Друзья и встречи - Виктор Шкловский 11 стр.


Все три московских года (1873-1876) Циолковский учился настойчиво и напряженно. Экономя свои весьма ограниченные средства, которые шли главным образом на опыты и пособия, он очень плохо питался, иногда месяцами не имел ничего, кроме черного хлеба с водой. Когда он возвратился из Москвы в Вятку, родные были поражены его видом. В автобиографии, написанной уже в преклонном возрасте, Циолковский вспоминает: "Дома обрадовались, только изумились моей черноте. Очень просто: я "съел" весь свой жир".

Мечта о звездоплавании после Октябрьской революции становится общей мечтой советского народа.

"Мосфильм" решил снять на эту тему фильм и отправил к Циолковскому в Калугу группу кинематографистов с режиссером Журавлевым и мною.

Сценарий впоследствии был написан Л. Филимоновым и снят режиссером Журавлевым.

Город Калуга. Название это значит: укрепления, застава, ворота.

Впоследствии Калуга оказалась воротами в космос.

Город стоит на высоком холме. За рекой, внизу, лес и небо. Город мы застали тогда, когда он спокойно спускался осенними, ярко-красными яблоневыми садами к синей глубокой Оке.

Наверху старый дом губернатора. У губернаторши Смирновой бывал Гоголь.

В этом городе, который Гоголь в письме обозначил одной буквой "К", мог бы жить Чичиков, но Калуга разнообразнее и затейливее того захолустья, которое описано в "Мертвых душах".

Дом губернатора построен в начале прошлого века.
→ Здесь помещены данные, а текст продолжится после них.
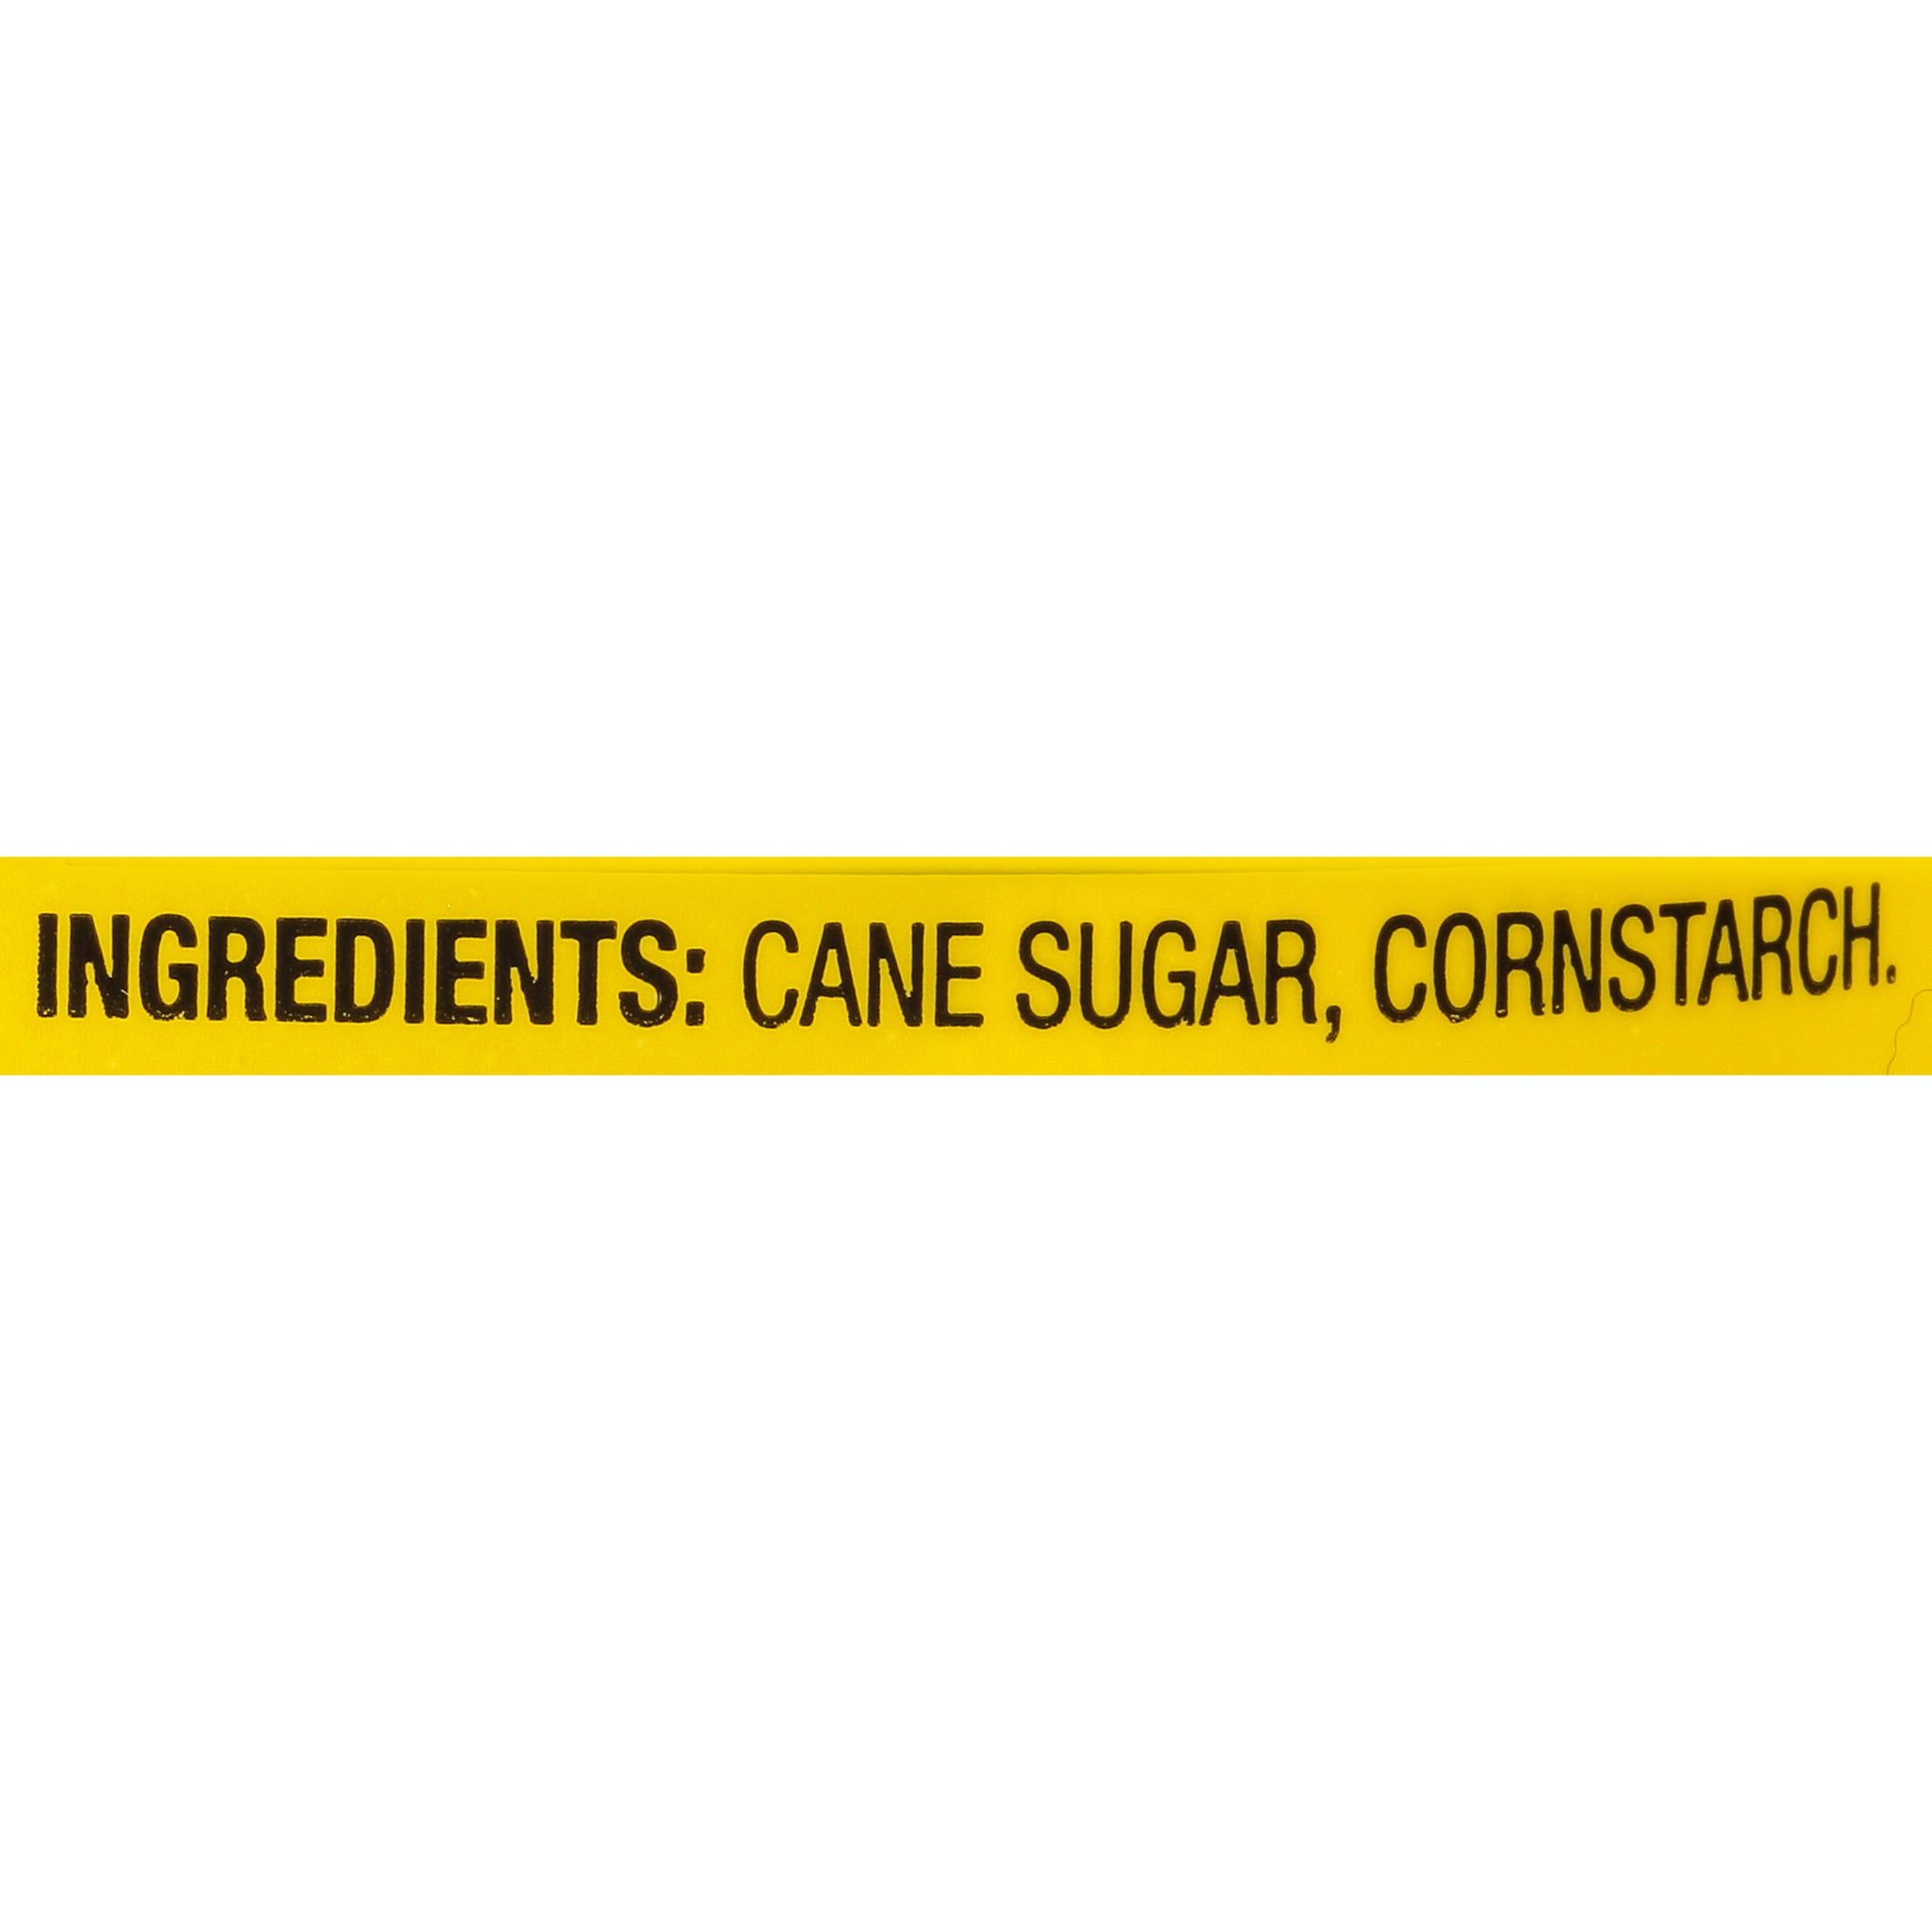 Pure Cane Sugar with Cornstarch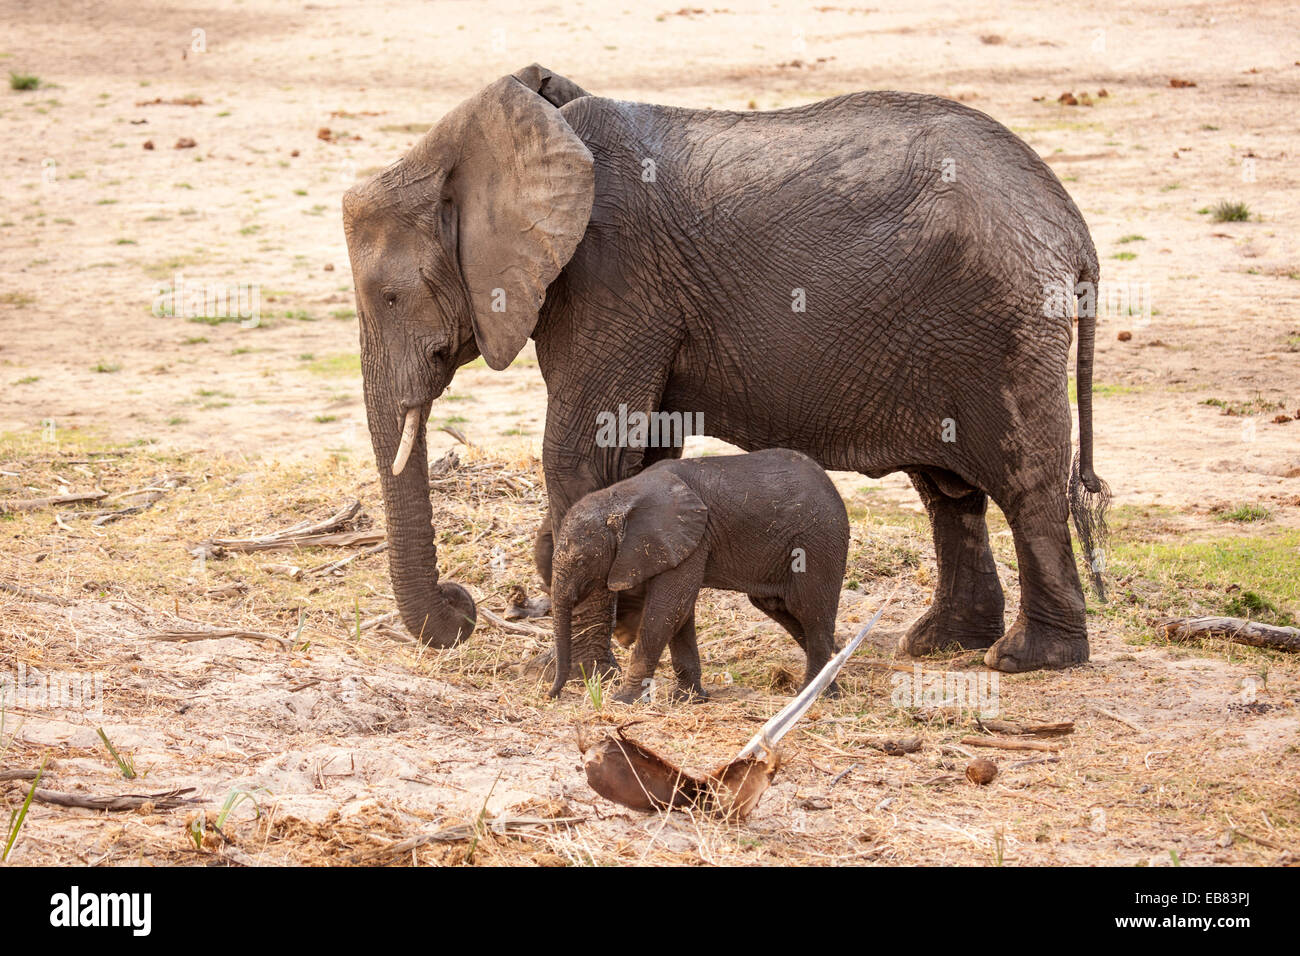 Elefante africano, la madre y el ternero en el lecho seco de un río en el Parque nacional Ruaha Tanzania Foto de stock

У ворот дома стоят огромные фонари. Это перевернутые шестигранные, усеченные сверху и снизу пирамиды, поставленные не на столбы, а на каменные подставки. Фонарь вырос и стал на колени.

Тут же лежат львы - спокойные, без грив, плоско иссеченные из камня гривы кажутся толстыми загривками. У львов толстые губы как будто искусаны пчелами, сходство увеличено тем, что львы сделаны из песчаника и щербины времени искусали львиные морды. Если бы львам этим пришлось рычать, то звук "р" не родился бы в их пухлых мордах - они бы картавили.

Провинциальная, причудливая Россия. Неподалеку город кончается, или, вернее, прерывается, крутым оврагом. По дну оврага, падая по уступам слоев илистого песка, бежит неширокий ручей. По краям оврага обвалившиеся и местами прерывающиеся тропы. За ними домики - маленькие, покосившиеся от страха упасть с кручи.

Все это называлось улицей имени какого-то римского героя, кажется, Кая Брута.

В самом низу, там, где пенный ручей стихает перед тем, как впасть в Оку (а впадает он в Оку не всегда, а только при дожде), у плоского берега, недалеко от моста, стоял трехоконный домик Циолковского. Над домом березы, за ним осенний огород с уже побелевшей, круто свернутой, как будто приготовленной для отправки, капустой.

Низкие маленькие комнаты с голубыми вечерними окнами без занавесок. На стенках комнаты, кажется, зеленые, помню, что плохо натянутые, по газетам наклеенные обои.

Циолковский одет по-домашнему; у него неплотная, не очень большая борода.

На памятнике около авиационной академии она плотнее, но сам памятник похож.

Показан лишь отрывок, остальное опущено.